The chemotherapy after surgery is to try to kill off any cancer cells that escaped before your tumour was removed. This lowers the risk of the cancer coming back in the future.

 

About radiotherapy

Radiotherapy can be an important part of treatment for Ewing's sarcoma. It can shrink a tumour and make it easier to remove. After surgery, you usually have radiotherapy to try to kill off any cancer cells that may have been left behind. This lowers the risk of the Ewing's sarcoma coming back in the future. If surgery to remove the tumour would be too difficult, radiotherapy and chemotherapy treatment may be used instead.

Radiotherapy is sometimes used after surgery for chordomas.

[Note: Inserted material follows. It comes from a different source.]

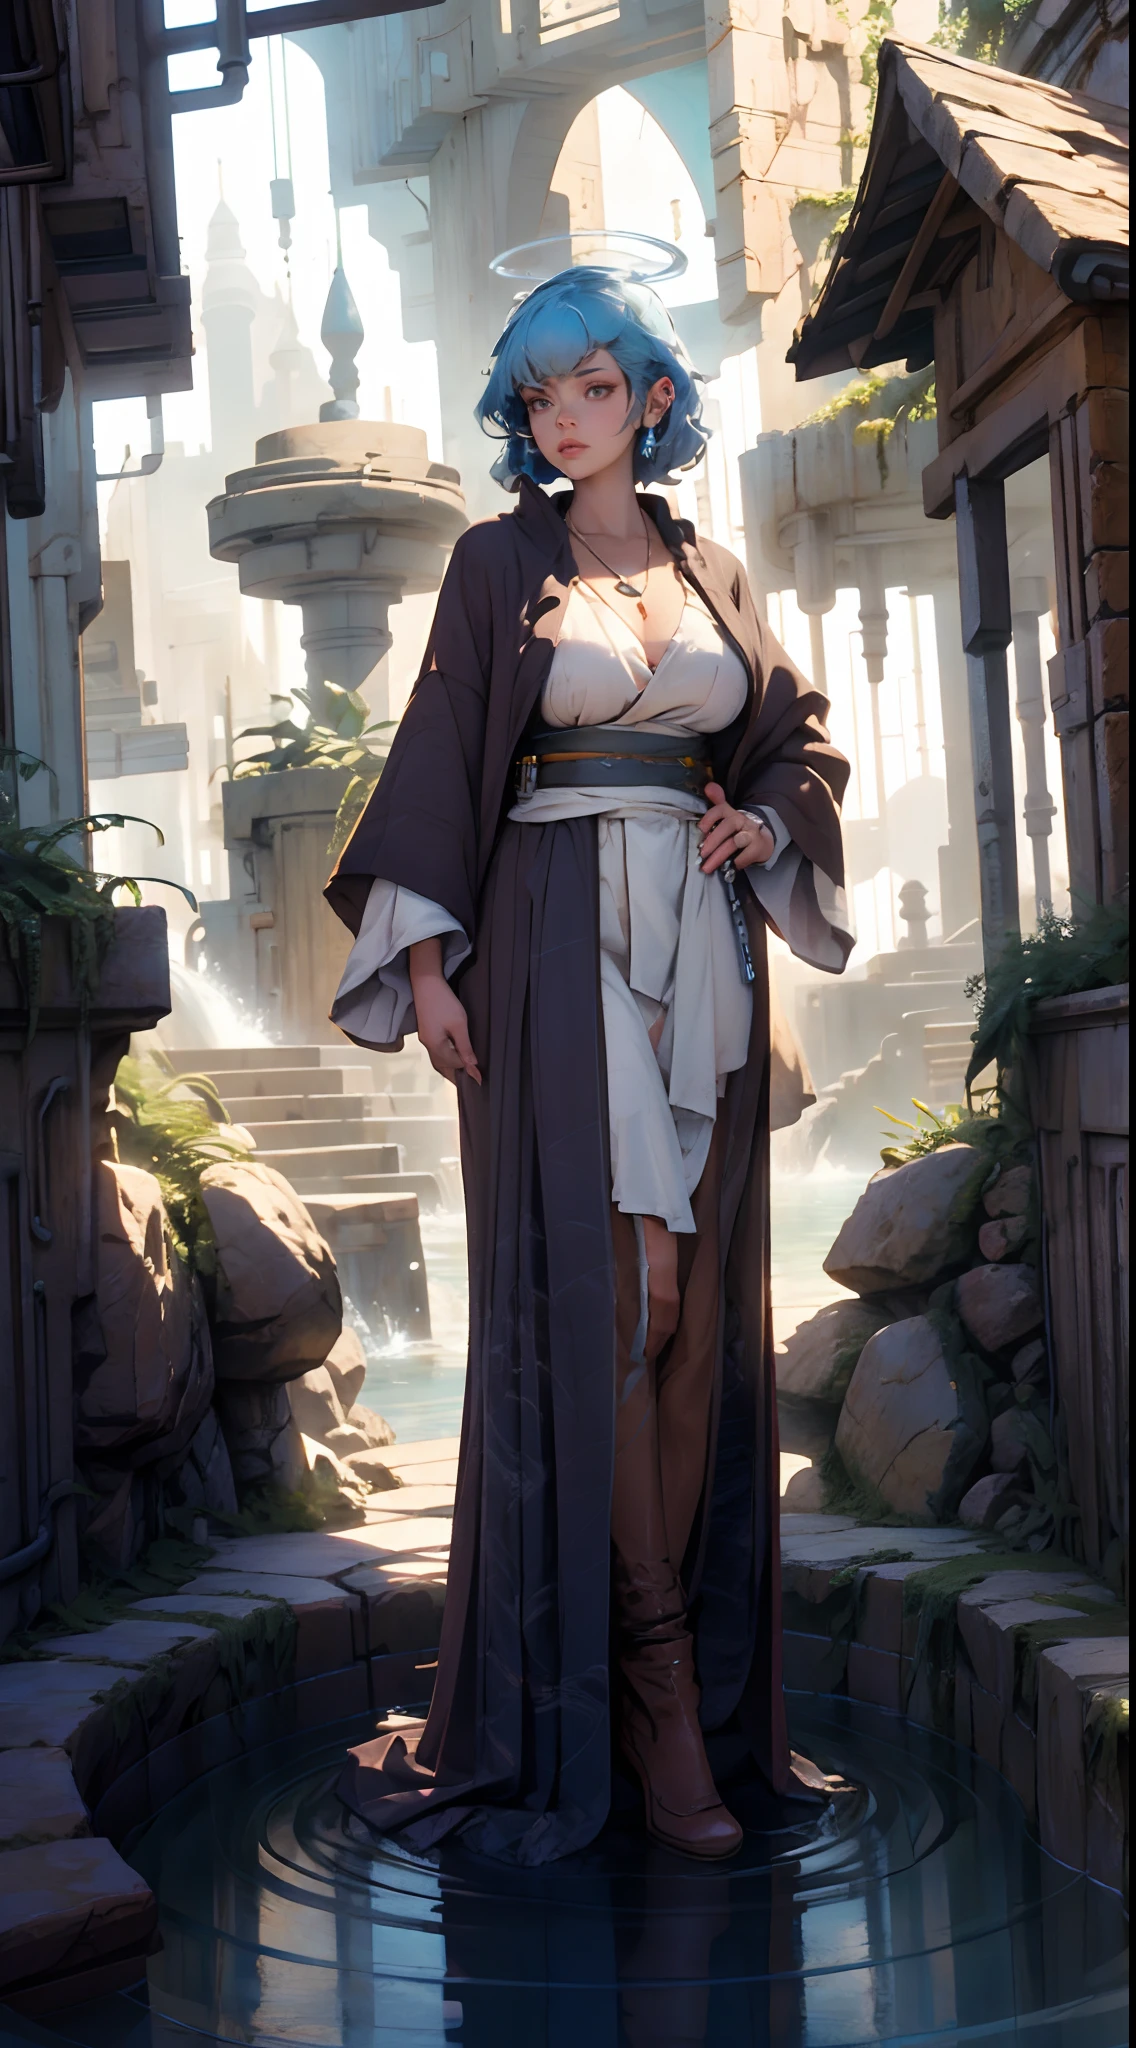 Jedi, tight robes, legs, alien, curvy, serious, (best quality)+, masterpiece+Blue hair length to the middle of the back, with a necklace and a blue and white dress, a halo of water above the head, scales visible on the body and face, nsfw

Doctors occasionally use radiotherapy after surgery for osteosarcomas if there is a risk of cancer cells remaining in the area after the surgery, but it is not a routine treatment.

For osteosarcoma, Ewing’s sarcoma and chordoma radiotherapy may be used to relieve symptoms or treat advanced bone cancers. It can be very good at shrinking cancers in the bones and so relieving pain and other symptoms caused by pressure from the cancer.

Radiotherapy is rarely used to treat chondrosarcoma because it does not usually work very well for this type of bone tumour.